■ **Activity**:
Full transcription, minus images: write out the listing below exactly as it appears.

■ **Information shown**:
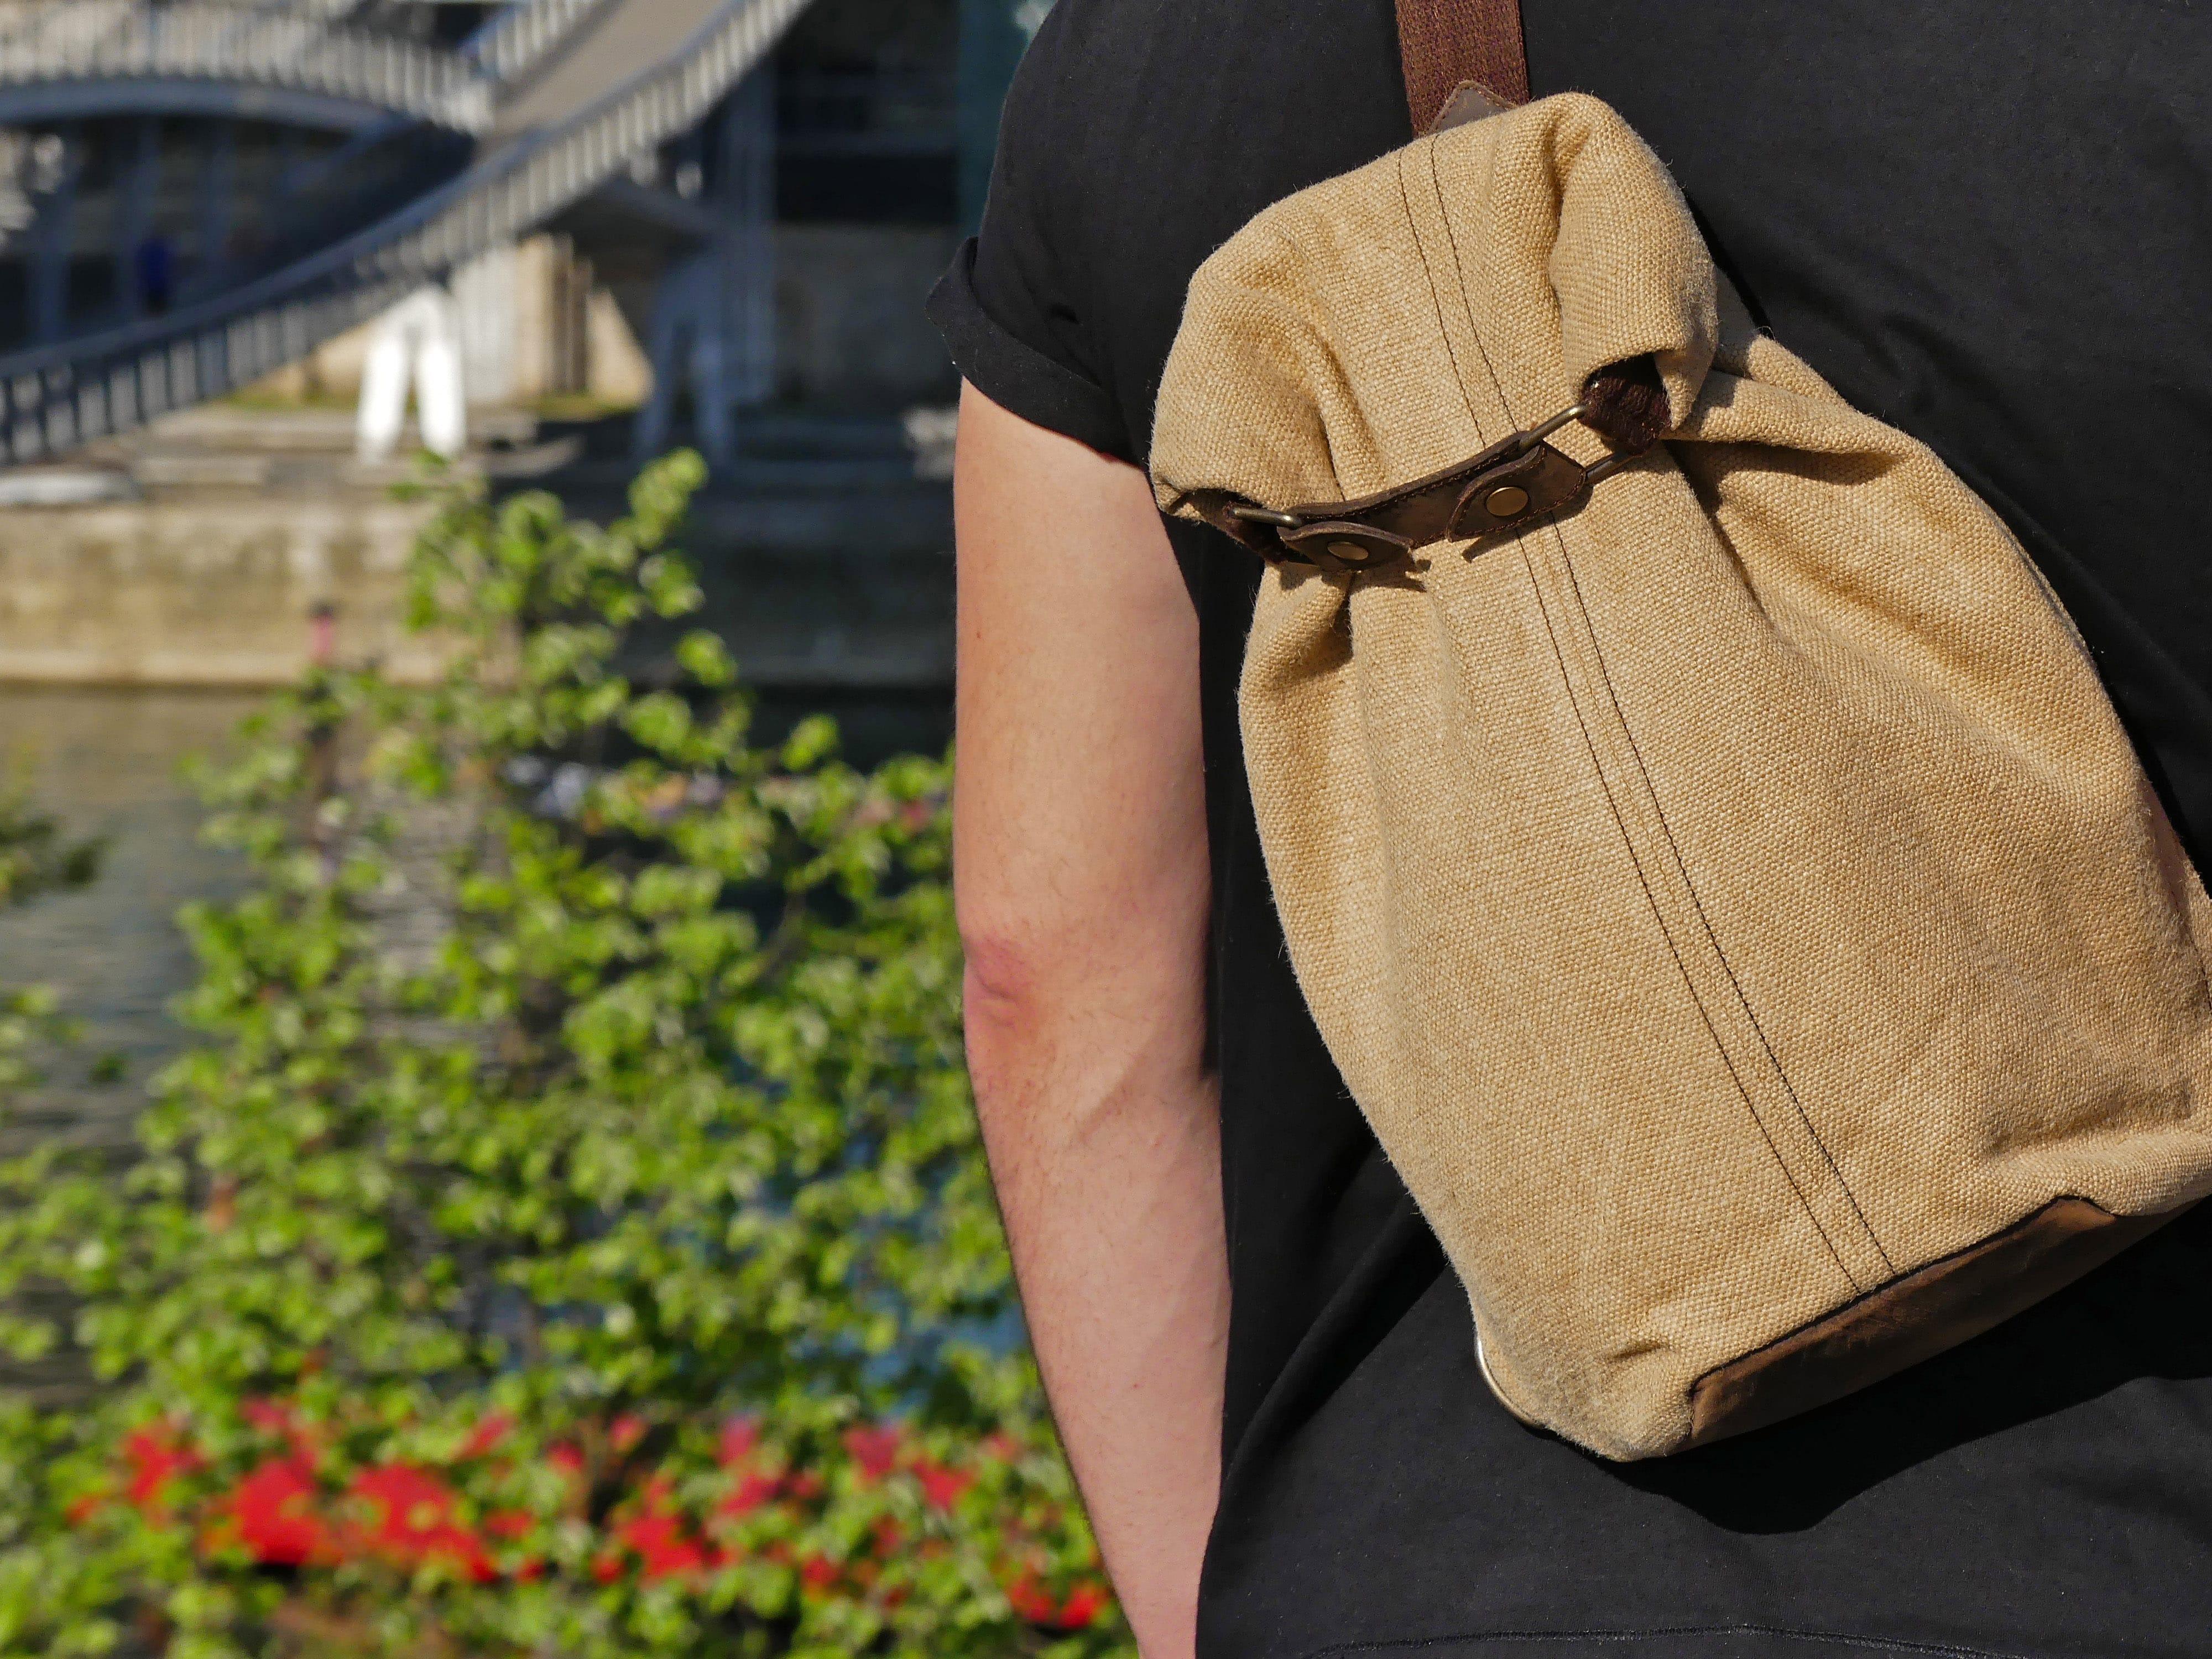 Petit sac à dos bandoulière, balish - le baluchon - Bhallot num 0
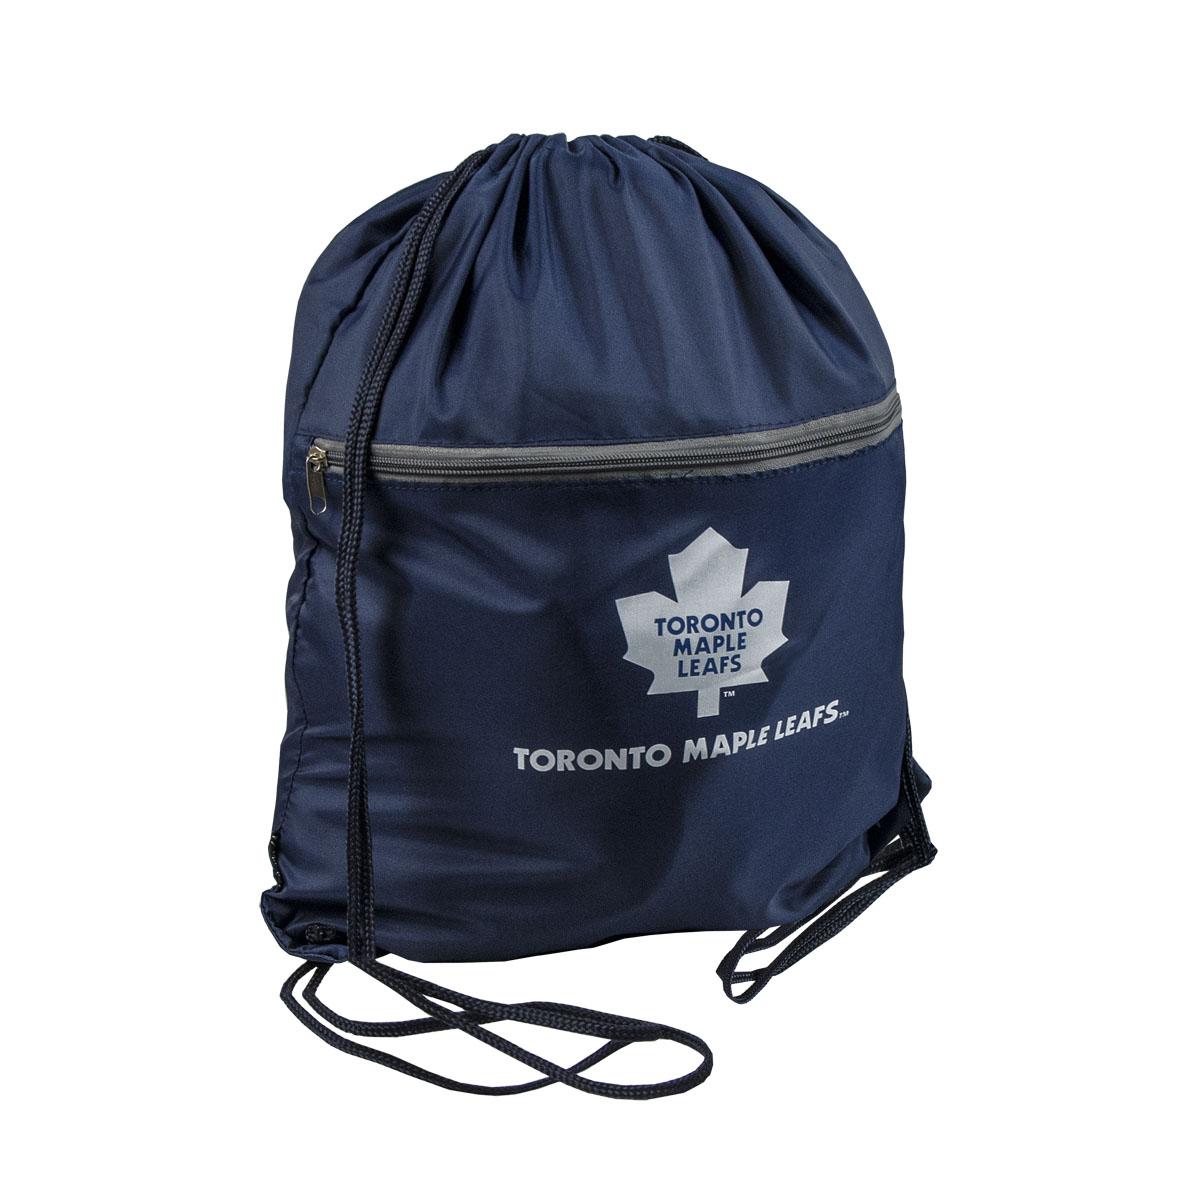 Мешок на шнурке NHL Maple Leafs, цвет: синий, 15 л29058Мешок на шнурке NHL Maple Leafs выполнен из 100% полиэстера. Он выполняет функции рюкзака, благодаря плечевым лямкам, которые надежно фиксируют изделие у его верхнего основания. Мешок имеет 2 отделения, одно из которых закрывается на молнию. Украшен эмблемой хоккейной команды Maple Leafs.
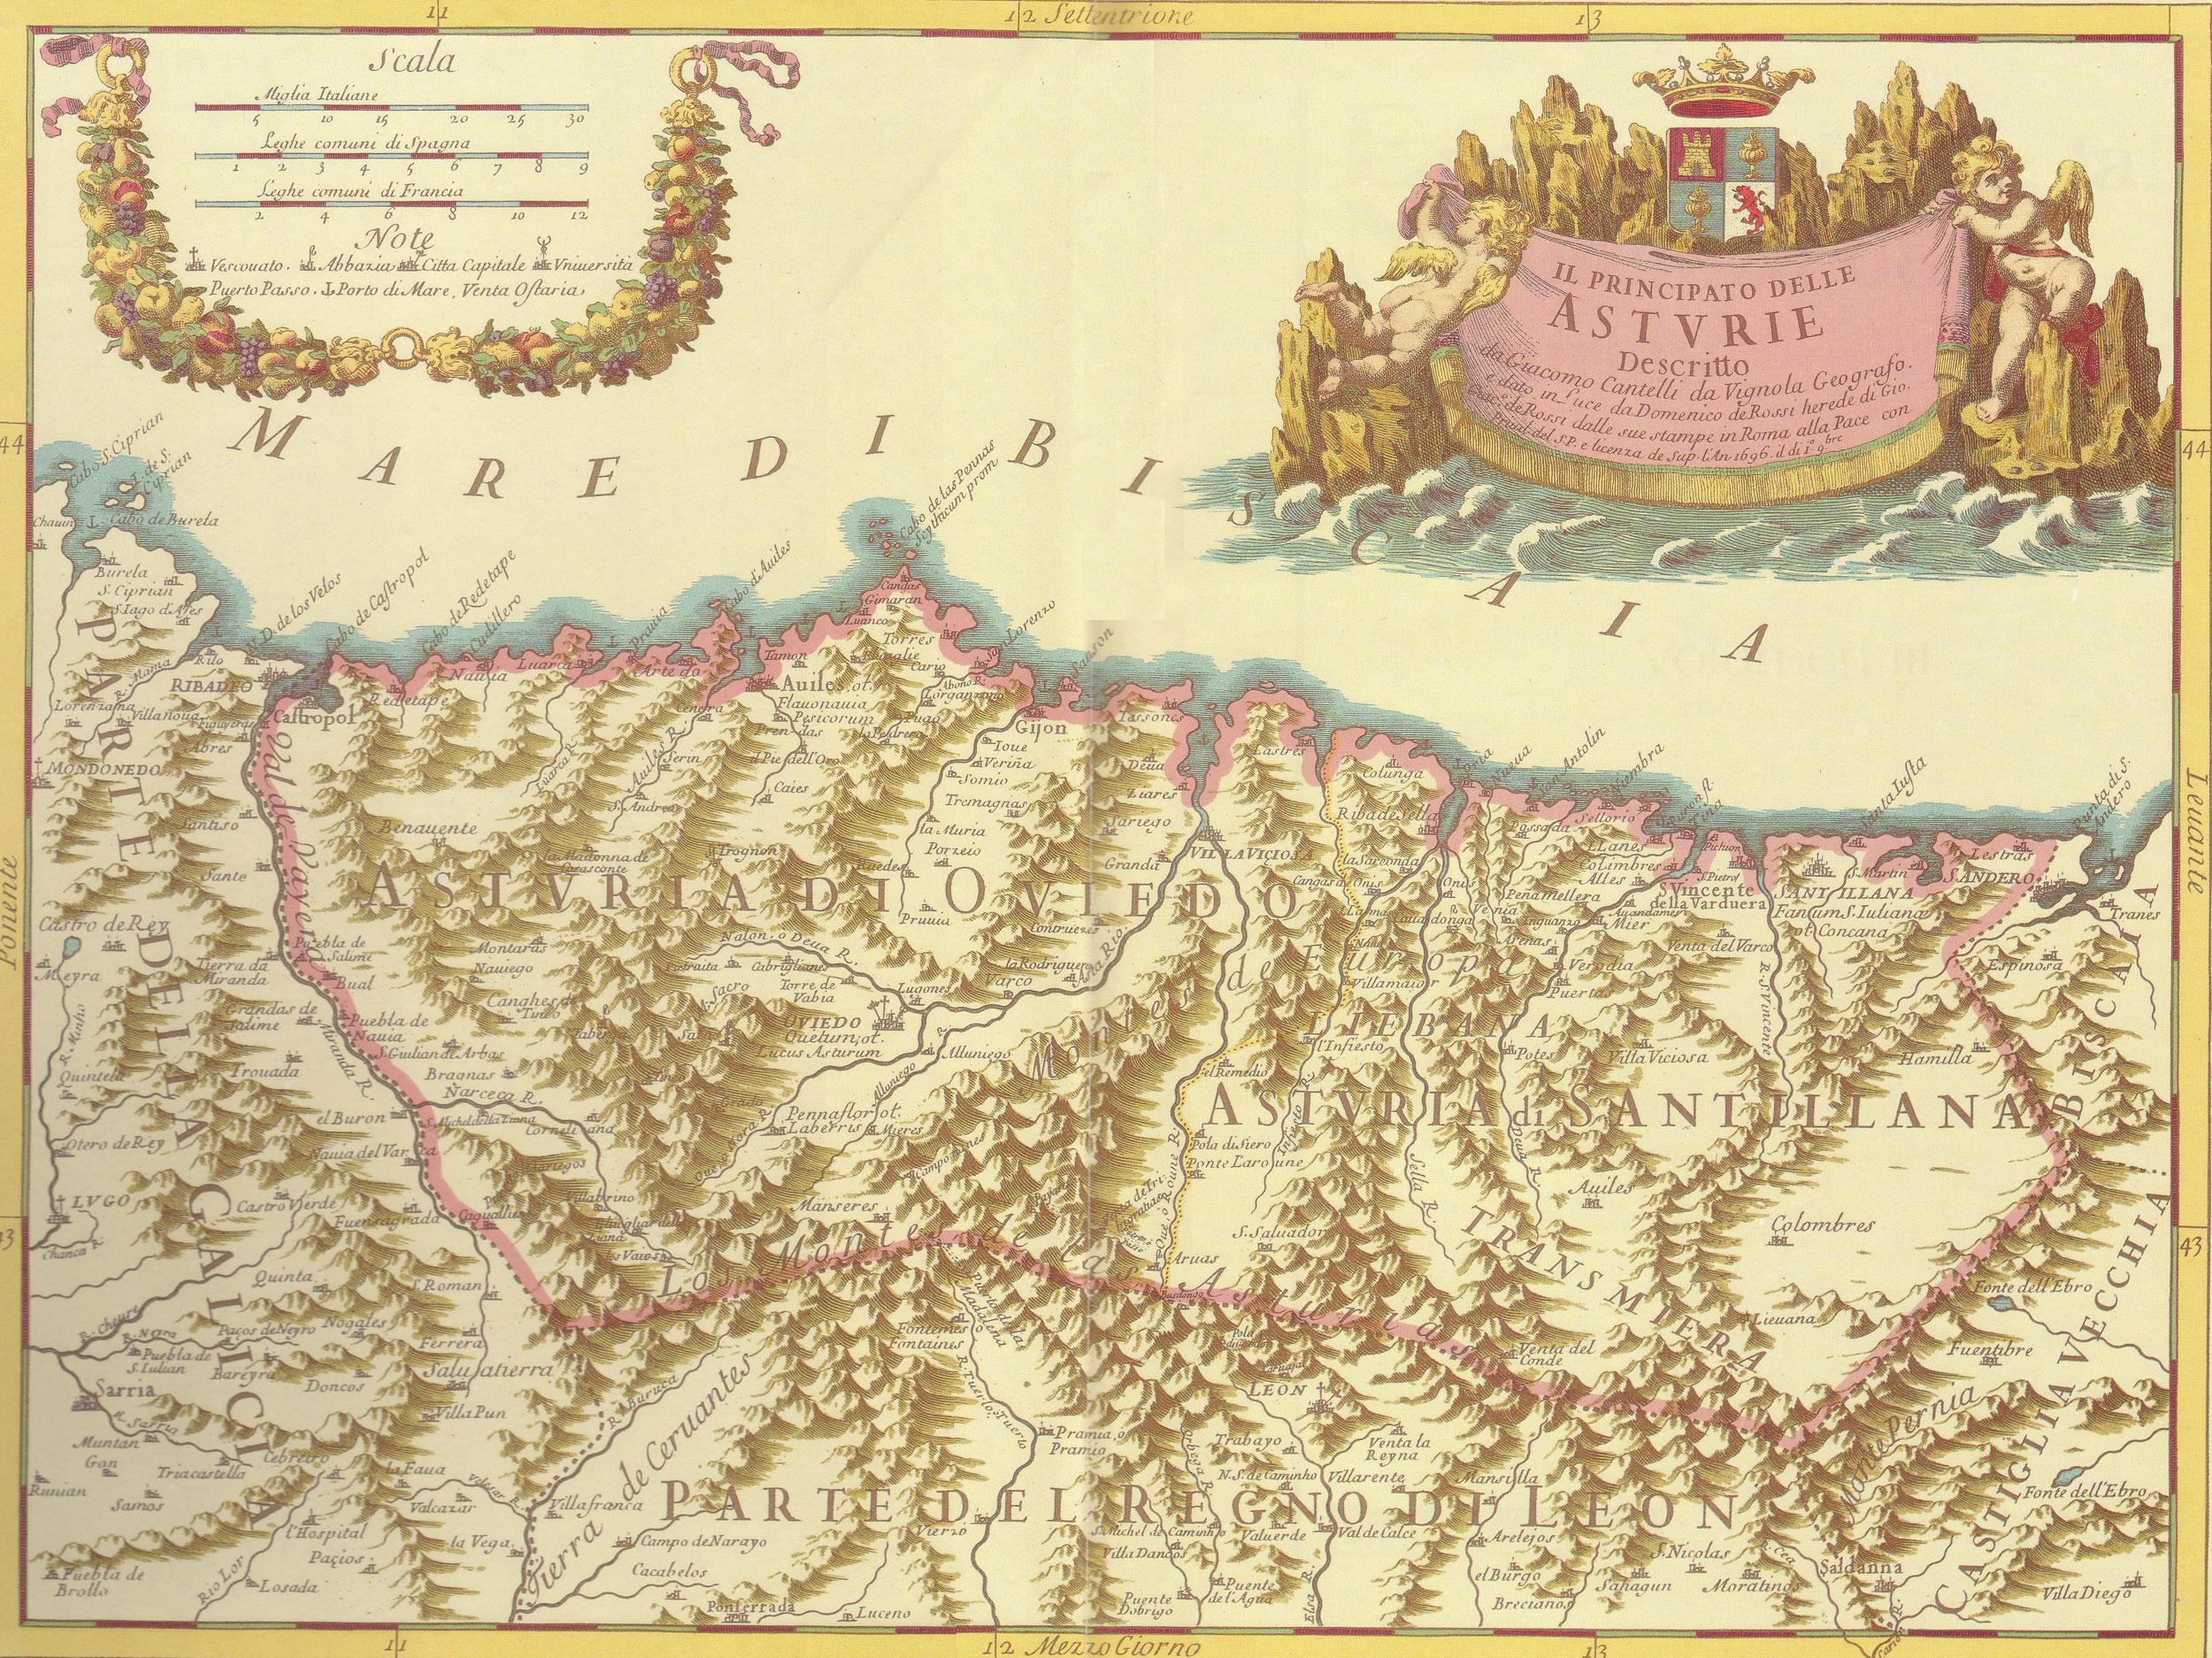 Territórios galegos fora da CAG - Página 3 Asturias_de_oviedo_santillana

■ **Answer to the exercise**:
 Petit sac à dos bandoulière, balish - le baluchon - Bhallot num 0
 Мешок на шнурке NHL Maple Leafs, цвет: синий, 15 л29058Мешок на шнурке NHL Maple Leafs выполнен из 100% полиэстера. Он выполняет функции рюкзака, благодаря плечевым лямкам, которые надежно фиксируют изделие у его верхнего основания. Мешок имеет 2 отделения, одно из которых закрывается на молнию. Украшен эмблемой хоккейной команды Maple Leafs.
 Territórios galegos fora da CAG - Página 3 Asturias_de_oviedo_santillana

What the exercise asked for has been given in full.